Si concretizzò in poco
più di un ventennio il passaggio dall’orlo del fallimento alla solida economia
del Paese col debito pubblico più esiguo d’Europa, strumentalizzata da una
propaganda di quel tempo e da una certa agiografia postuma per giustificare un
immobilismo di propaganda che, in realtà, non esisteva.
Annullato il deficit,
in occasione dei moti rivoluzionari del 1848 qualcosa di significativo accadde:
gli investitori internazionali, su forte pressione inglese, misero in atto un
“cartello” finanziario contro la Borsa di Napoli e i titoli del debito pubblico
del Regno delle Due Sicilie.

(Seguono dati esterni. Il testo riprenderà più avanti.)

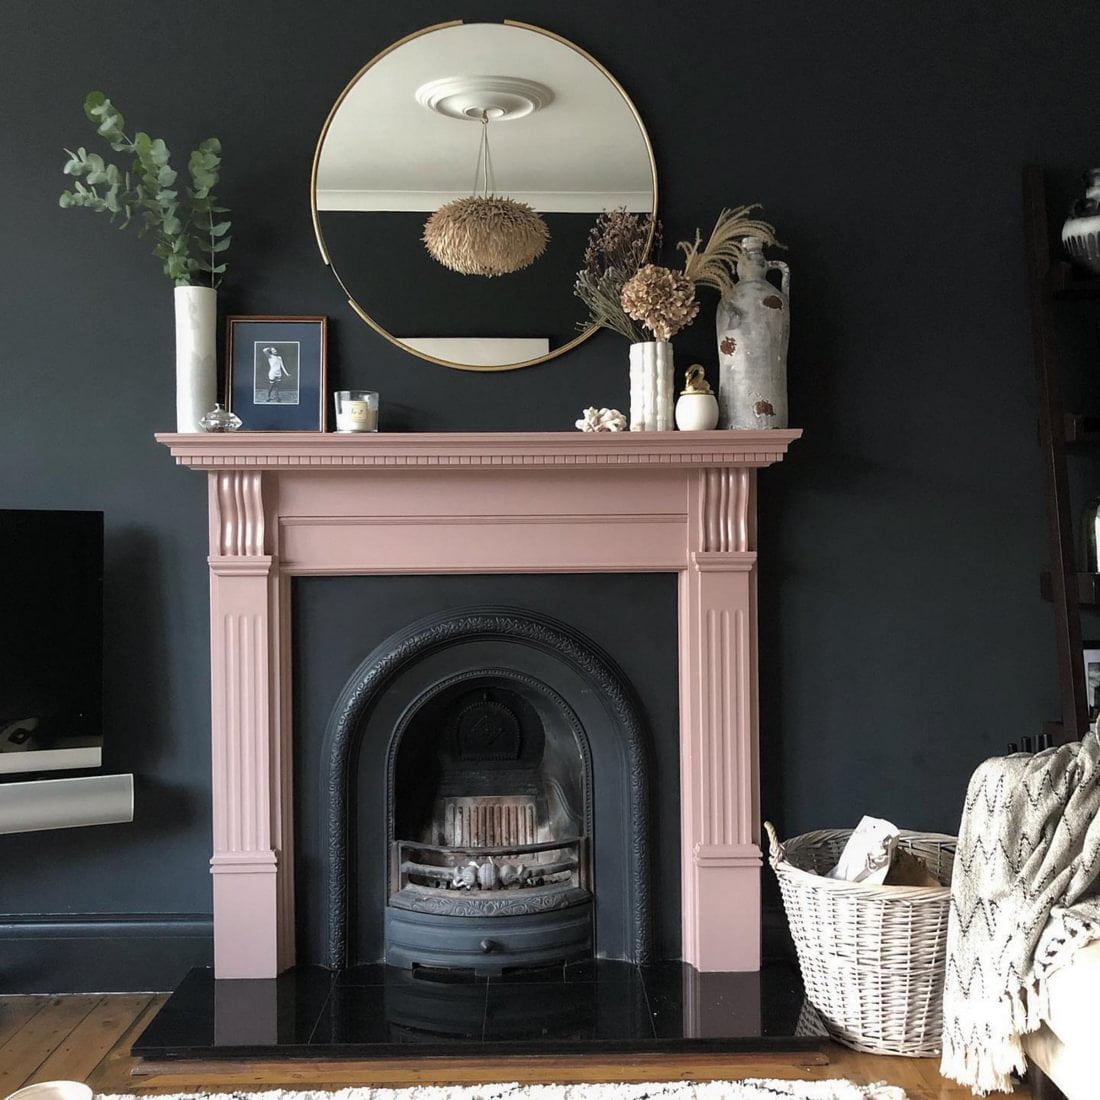 Black interior wall with dusky pink painted victorian style fireplace

Perché?
Ferdinando II,
incosciente della sfida lanciata agli odiati inglesi, non volle aderire alla
smodata competizione liberista dei Paesi europei ma portò avanti un controllato
programma infrastrutturale che, se da un lato penalizzò la velocità di
modernizzazione delle Due Sicilie rispetto al resto d’Europa, dall’altro
garantì una spesa verificata necessaria a tener lontano l’insorgere di una
nuova crisi del debito.
Le potenze d’Europa, al contrario, spendevano molto più
di quanto avevano in cassa, aderendo al sistema economico capitalista in
affermazione a quel tempo, indebitandosi presso le banche private e alimentando
gli affari dei grandi banchieri e delle potenze ricche da cui piovevano i
finanziamenti.
Questo fece il Regno di Sardegna, impegnato in dispendiose
guerre e nella sfrenata realizzazione di opere pubbliche come la rete
ferroviaria, non potendo contare su quelle rotte del mare che nel territorio
borbonico erano ben sviluppate e consentivano lo spostamento delle merci e un
più lenta realizzazione delle strade.
Gli altri Paesi iniziarono a creare le
voragini nei conti pubblici, avviando l’Europa alle problematiche sociali dei
nostri giorni, tra imbrigliate politiche monetarie e indeboliti poteri
tradizionali.
Ferdinando II, convinto che il suo Regno chiuso dal mare e
dallo Stato pontificio potesse essere tenuto lontano dai conflitti europei, fu
certamente miope nella sua spavalda visione dello scenario politico
internazionale, pensando di poter agire indisturbato e di poter governare a
modo suo, senza suscitare antipatie, in un contesto in cui il capitalismo
britannico iniziava ad allineare la politica economica della nuova Europa e il
ceto medio auspicava maggiore slancio.
I tagli alla spesa offrirono un avanzo
che fu destinato ad accrescere i fondi per le necessarie opere pubbliche, e ne
furono realizzate tante soprattutto nel territorio peninsulare del Regno.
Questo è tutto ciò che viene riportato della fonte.